[Freeipa-devel] [PATCHES 0069-0077] support for proper Kerberos principal canonicalization

Tue Oct 6 15:52:37 UTC 2015

On Tue, Oct 06, 2015 at 08:32:29AM -0400, Simo Sorce wrote:
> On 06/10/15 08:04, David Kupka wrote:
> >On 06/10/15 13:35, Simo Sorce wrote:
> >>On 06/10/15 03:51, thierry bordaz wrote:
> >>>On 10/06/2015 07:19 AM, David Kupka wrote:
> >>>>On 05/10/15 16:12, Simo Sorce wrote:
> >>>>>On 05/10/15 09:00, Martin Babinsky wrote:
> >>>>>>These patches implement the plumbing required to properly support
> >>>>>>canonicalization of Kerberos principals (
> >>>>>>https://fedorahosted.org/freeipa/ticket/3864).
> >>>>>>
> >>>>>>Setting multiple principal aliases on hosts/services is beyond the
> >>>>>>scope
> >>>>>>of this patchset and should be done after these patches are pushed.
> >>>>>>
> >>>>>>I will try to send some tests for the patches later this week.
> >>>>>>
> >>>>>>Please review the hell out of them.
> >>>>>
> >>>>>LGTM, I do not see any issue at quick visual inspection.
> >>>>>What about the performance regression with the indexes ? Is that bug
> >>>>>fixed in 389ds ?
> >>>>>
> >>>>>Simo.
> >>>>>
> >>>>>
> >>>>
> >>>>The issue is still there.
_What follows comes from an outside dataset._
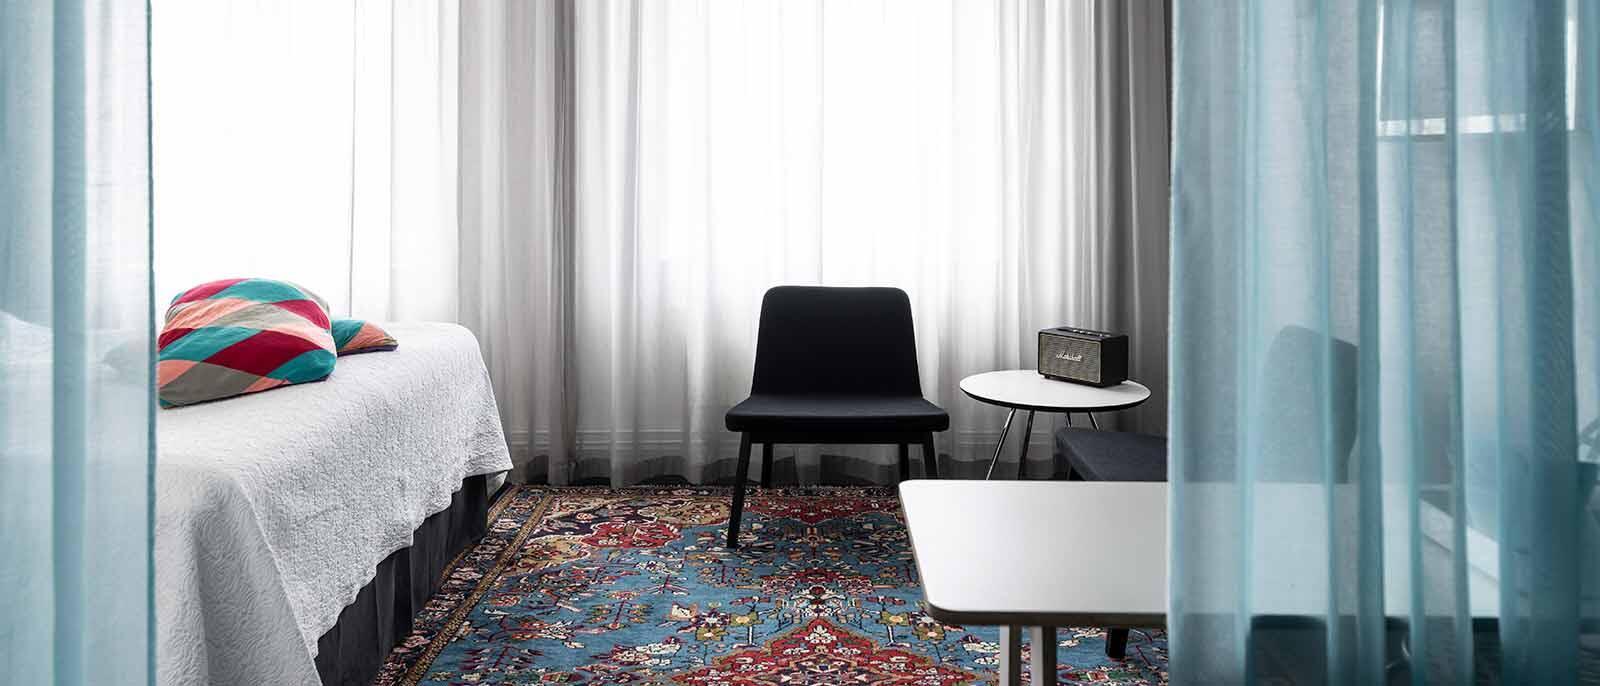 Rooms at Hotel Flora in Gothenburg, Sweden

Thierry investigated this in 389 DS and IIUC
> >>>>he is not sure if it's bug or completely missing feature. Therefore we
> >>>>still don't know how much time is needed there.
> >>>>
> >>>Hi,
> >>>that is correct.
> >>>I can reproduce the problem. Although the matching rule (in my test
> >>>caseIgnoreIA5Match) is found, it has no registered indexing function, so
> >>>the setting (nsMatchingRule) is ignored.
> >>>I do not know if the indexing function is missing or there is a bug so
> >>>that the matching rule "forget" to register it.
> >>>This feature is documented but I can not find any QA test around it, so
> >>>I do not know yet if it is a regression or if it was not enabled at all.
> >>>
> >>>I do not expect rapid progress on it. How urgent is it ? 7.3 ?
> >>>For the moment I can think to only two workarounds:
> >>>
> >>>  * use filtered matching rule (preferred)
> >>>  * change the attribute syntax/matching rule, in the schema (I would
> >>>    discourage this one because changing the schema is risky)
> >>
> >>We can't change the syntax at this point.
> >>
> >>Well this patchset is blocked until the 389 ds bug is fixed (the
> >>performance regression is too big to just put it in and hope) so I guess
> >>we'll have to negotiate a time for the fix.
> >>
> >>Simo.
> >>
> >
> >I agree that we really shouldn't change schema.
> >
> >But I don't think the patches're necessary blocked by this issue.
> >Canonicalization was never supported in FreeIPA and when it is not
> >requested the performance is not effected at all. We could merge patches
> >as soon as they're carefully reviewed and tested to avoid tedious
> >rebasing and start using the new functionality when 389 DS gets fixed.
> 
> The fact we didn't do canonicalization this way doesn't mean clients aren't
> asking for it.
> 
> I think Windows clients ask for canonicalization by default, and in SSSD I
> see we turn on by default krb5_canonicalize in the IPA nd LDAP case (oddly
> enough not in the AD case ?)
> 
> So SSSD's authentication requests would end up hitting this case all the
> time if I am reading the code correctly (CCed Jakub to confirm/dispel this).

We ask for canonicalization always in IPA and LDAP, but also whenever
enterprise principals are used, which is true for AD provider.